After training the data, the predicted results for the test and training data were calculated and presented in Fig. 2. In this figure, predicted vs. actual data was plotted for both test and training datasets. These plots can serve as a crucial tool for evaluating the performance of the ANN model. In these plots, the X and Y axes represent the values of actual and predicted, respectively. Each point on these plots represents a sample from the test and training data. The closeness of the data to the regression line or the location of the data on the regression line indicates the high accuracy of the model in data analysis. In the results related to the test data (8 tests out of 39 tests were included and were randomly selected), a slight deviation from the regression line was observed, while this deviation was much less in the 31 data related to training, and most of the points were on the regression line.
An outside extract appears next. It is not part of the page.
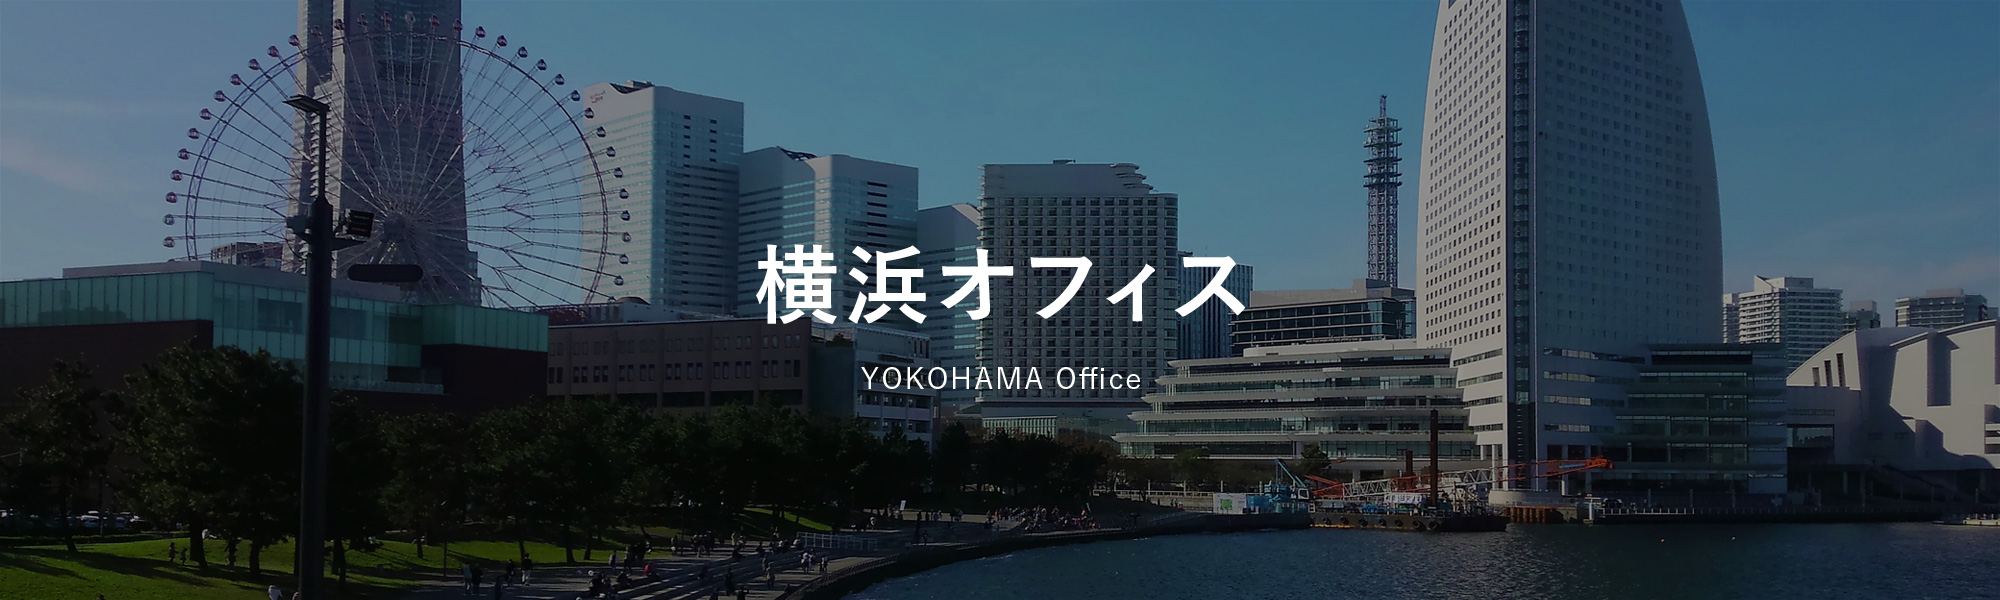 横浜オフィス

To further investigate, residual values were computed for both test and training datasets, and the corresponding plots were presented in Fig. 3. In other words, the difference between the actual (observed) and predicted values of the model was calculated, and the results are visualized in Fig. 3. Indeed, these plots were utilized to examine the distribution of errors and the prediction accuracy of the model under scrutiny. In a good model, residuals should be randomly scattered and close to zero. This situation indicates a good prediction of the model on both test and training data. A plot with a specific and non-random pattern indicates that there are structures or patterns in the data that the model failed to capture. In such cases, there is a need to improve the model or modify input features. The presence of significant differences between residuals indicates the existence of outliers that need to be removed from the data. In the present study, due to some large differences in the residuals, it was necessary to remove outliers. A good residual plot includes scattered points around the zero line, and the points are randomly and uniformly distributed. By examining the plots in Fig. 3, it is observed that in both the test and training residual plots, the data points are well scattered around the zero line. Upon closer inspection, it is evident that the data points were chosen completely randomly. Additionally, the homogeneity of the data points to each other is visible in both plots. Furthermore, to examine the model’s performance more thoroughly, additional evaluation metrics such as MAE (Mean Absolute Error), RMSE (Root Mean Squared Error), and R Score were scrutinized for both test and training datasets. The evaluation results of the model indicated that the values for MAE, RMSE, and R Score for the testing data were 3.22, 3.91, and 0.92, respectively; while for the training data, these values were 0.9, 1.02, and 0.99, respectively. The higher values of MAE and RMSE, along with the lower R Score for the testing data compared to the training data, are visible in Fig. 3.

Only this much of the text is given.